From the 40 years up to 2022 during which I have had the honour of advising successive Cook Islands governments on constitutional matters when requested, four major changes and trends seem to be worth sketching for your readers at this time of reflection on the sixtieth birthday of the Constitution. The views expressed are those of the writer alone and may in no way be attributed to the Governments of the Cook Islands or of New Zealand.
- Acceptance of the true significance of Article 39 of the Constitution of the Cook Islands conferring full and exclusive jurisdiction on the Parliament of the Cook Islands to make laws for the ‘peace, order, and good government’ of the Cook Islands. In particular, it paved the way to the development of ‘Conventions’ under which the Cook Islands steadily expanded its international capacity with the agreement and encouragement of successive New Zealand governments, in a manner similar to that followed for the evolution of the ‘Dominions’ after World War I in the Commonwealth, including New Zealand. Conventions are the rules of the Constitution which, by definition, and in contrast to the written rules of the constitutional documents, the Courts of law do not directly enforce, although they may, where possible, take notice of them in interpreting the law. Needless to say, the existence of the Conventions presupposes agreement as to their nature between the ‘parent’ and the ‘associated’ state. With good will and mutual understanding, the working of these Conventions can be kept consistent with the expectations and concerns of both sides.
- The insertion by constitutional amendment in 1981 of the ‘fundamental freedoms’ found in Articles 64 and 65 of the Constitution, these freedoms being based on international human rights instruments such as the Universal Declaration of Human Rights of 1948 and the subsequent United Nations Treaties under which the Cook Islands periodically reports. While affirming the determination of the Courts to give full meaning to these fundamental freedoms, the Privy Council has recently recognised that the Courts need to accord a ‘margin of appreciation’ to Parliament’s freedom to balance competing social and economic claims affecting the fundamental freedoms.
- A growing recognition of the importance of Cook Islands customary law as a source of law. If I may use a Tahitian phrase, custom is parau tumu fenua – ‘words whose foundation is the land’. There are two aspects of this. First, there is an increasing understanding throughout the common law world that customary law is part of the common law, so that the common law of Aotearoa/New Zealand is partly made up of Maori customary law. Similarly, the common law of the Cook Islands is partly made up of Cook Islands customary law. Secondly, Parliament itself has amended the Constitution to give greater significance to customary law. Of course, both these mechanisms recognise that the Courts retain the duty of ensuring that the common law is consistent with the Constitution.
- A steadily increasing availability and accessibility of the law to the people of the Cook Islands. When I started advising in the Cook Islands, there was no clear list of the laws which applied after the commencement of self-government under the Constitution.
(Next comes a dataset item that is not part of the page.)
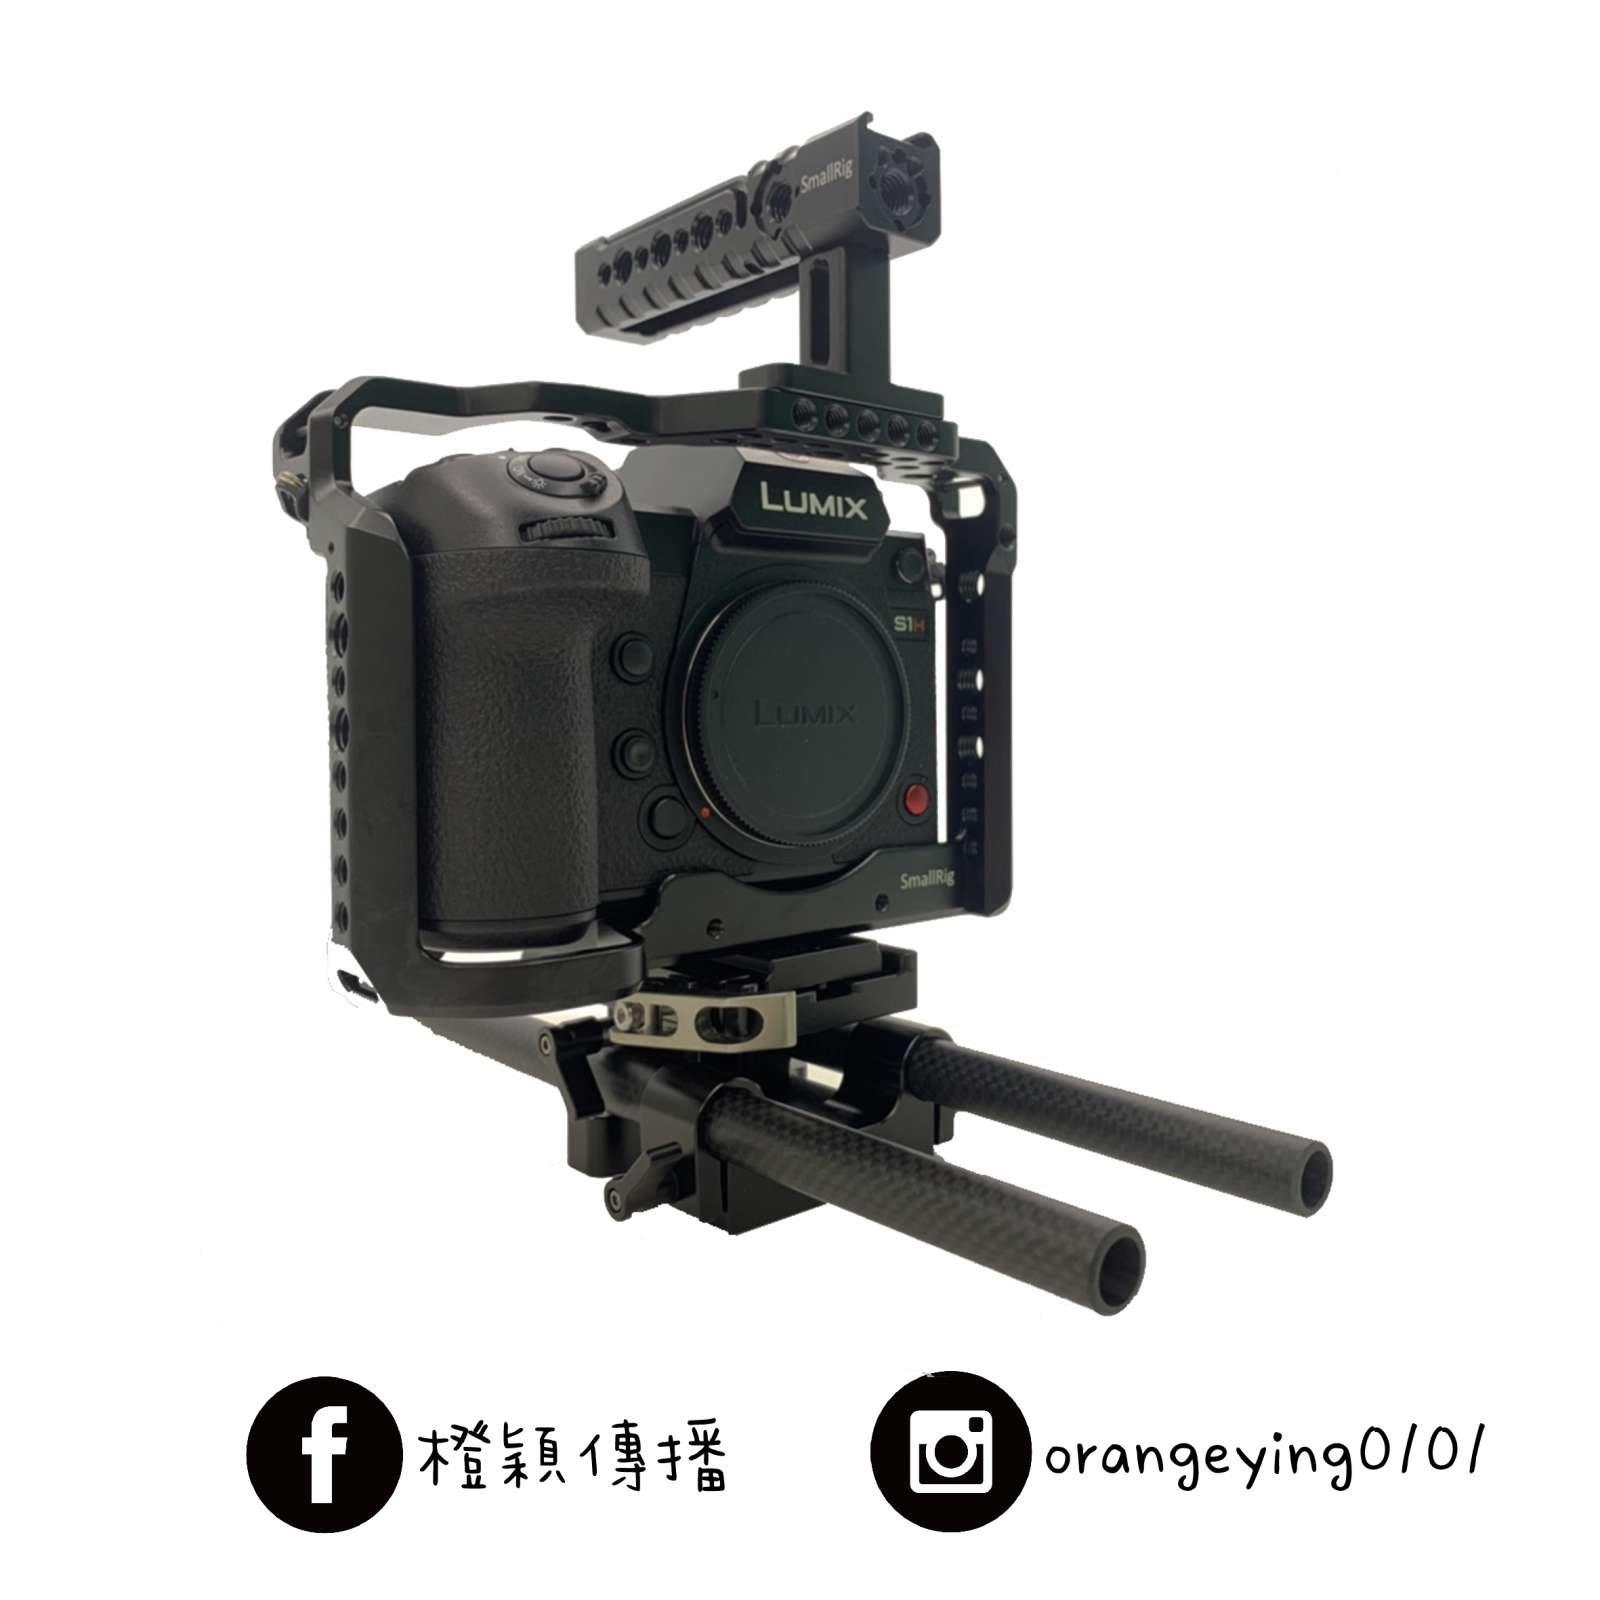 【器材出租】Panasonic S1H 單機身 含鐵龍(不分租) 1800/日
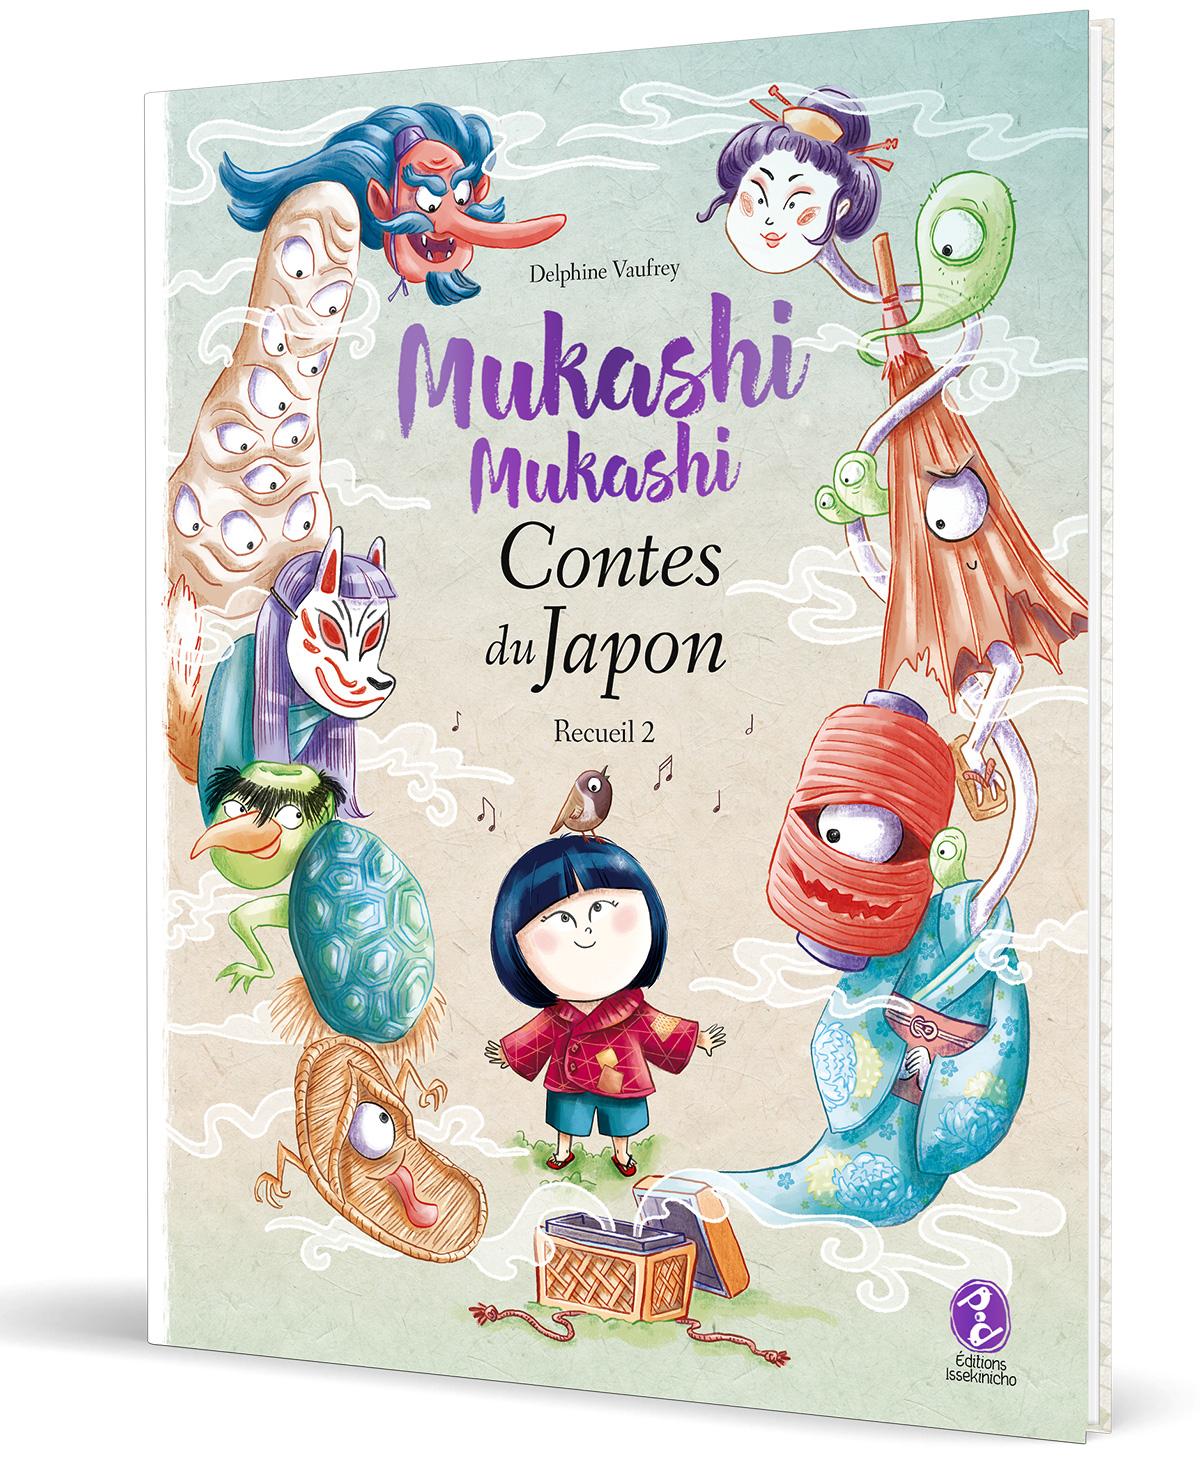 Mukashi mukashi - Contes du Japon - couverture

Indeed, my first assignment on the initiative of then Solicitor-General Mike Mitchell was to compile such a list, resulting in the publication of the 10-volume green Reprint of Laws of 1994. We have seen, in 2024, the birth of a Reprint, available on-line, with the potential to greatly increase availability, in up-to-date form, of the laws throughout the Cook Islands.
With those few and brief comments, I offer my congratulations to His Excellency the King’s Representative, the Prime Minister and Government, and Parliament of the Cook Islands, to the Judges and Courts, and indeed to all the people of the Cook Islands, on 60 years of progress under the Constitution and the Rule of Law.